“A New Era for Image Annotation”..?

Searching for images on the Web has traditionally been more complicated than text search – for instance, a Google image search for “tiger” not only yields images of tigers, but also returns images of Tiger Woods, tiger sharks and many others that are ‘related’ to the text in the query string. This is because contemporary search engines look for images using any ‘text’ linked to images rather than the ‘content’ of the picture itself.  In an effort to improve the recall of image searches, folks from UC San Diego are working on a search engine that works differently – one that analyzes the image itself. “You might finally find all those unlabeled pictures of your kids playing soccer that are on your computer somewhere,” says Nuno Vasconcelos, a professor of electrical engineering at the UCSD Jacobs School of Engineering.

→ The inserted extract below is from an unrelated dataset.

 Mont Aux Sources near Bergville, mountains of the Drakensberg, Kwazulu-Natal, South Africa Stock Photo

They claim that their Supervised Multiclass Labeling System “may be folded into next-generation image search engines for the Internet; and in the shorter term, could be used to annotate and search commercial and private image collections.”

What is Supervised Multiclass Labeling System anyway?

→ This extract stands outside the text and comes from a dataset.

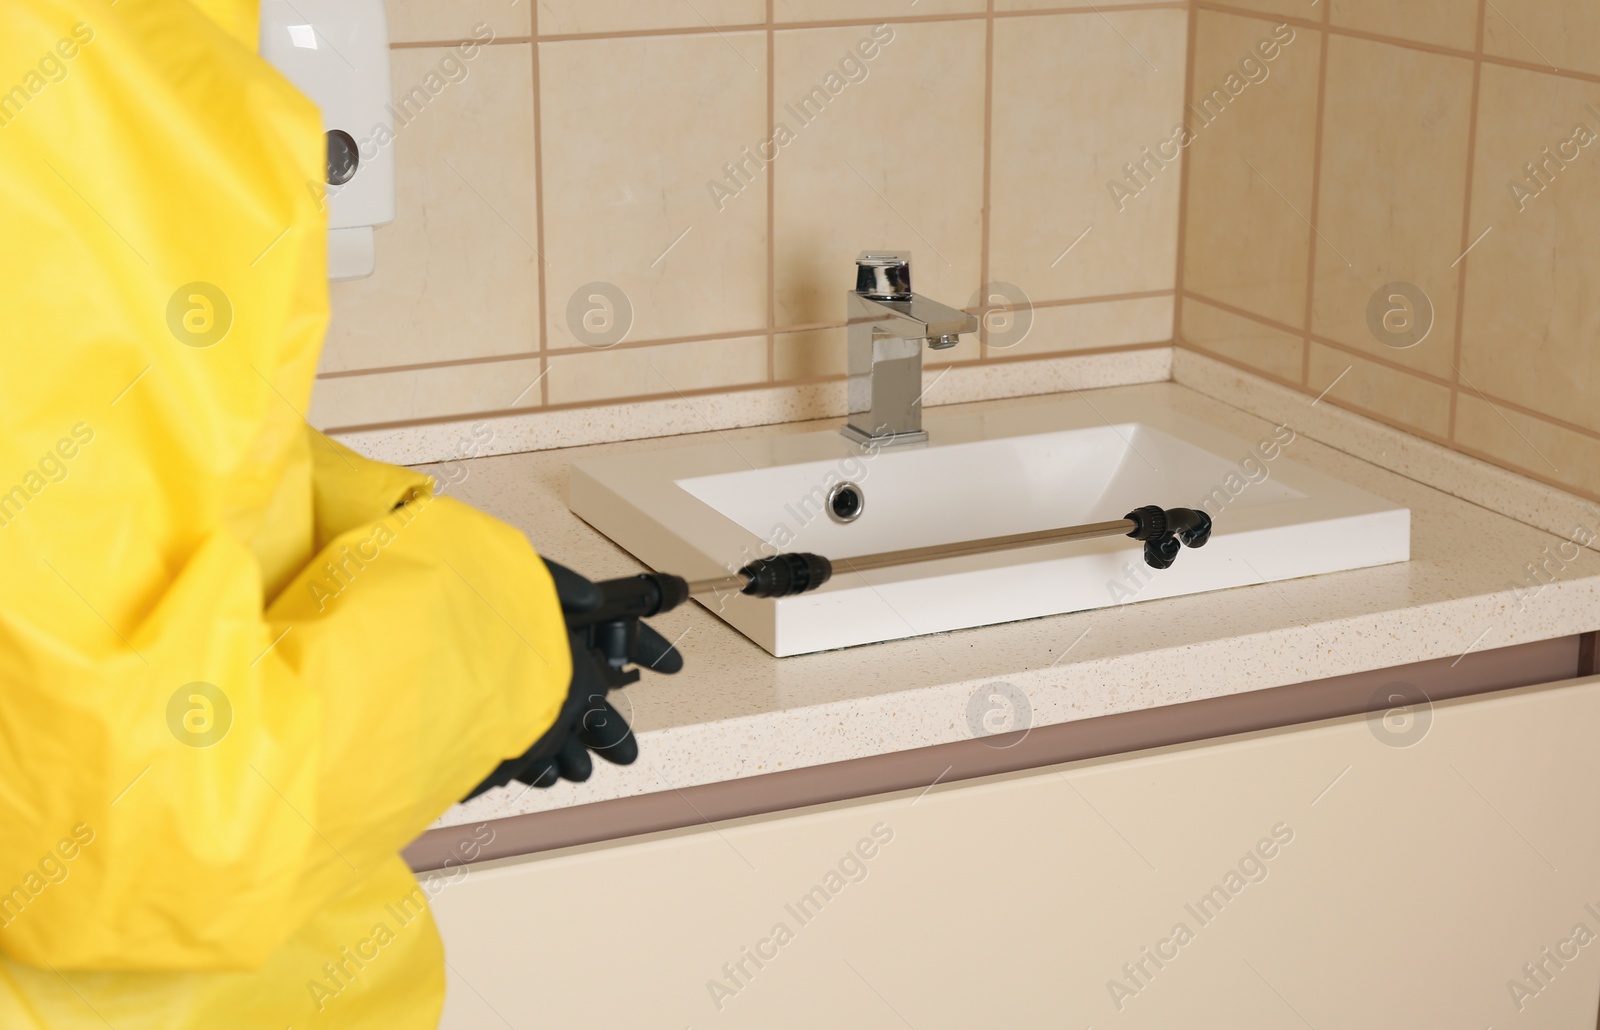 Photo of Pest control worker spraying pesticide near sink in restroom, closeup

Supervised refers to the fact that the users train the image labeling system to identify classes of objects, such as “tigers,” “mountains” and “blossoms,” by exposing the system to many different pictures of tigers, mountains and blossoms. The supervised approach allows the system to differentiate between similar visual concepts – such as polar bears and grizzly bears. In contrast, “unsupervised” approaches to the same technical challenges do not permit such fine-grained distinctions. “Multiclass” means that the training process can be repeated for many visual concepts. The same system can be trained to identify lions, tigers, trees, cars, rivers, mountains, sky or any concrete object. This is in contrast to systems that can answer just one question at a time, such as “Is there a horse in this picture?” (Abstract concepts like “happiness” are currently beyond the reach of the new system, however.) “Labeling” refers to the process of linking specific features within images directly to words that describe these features.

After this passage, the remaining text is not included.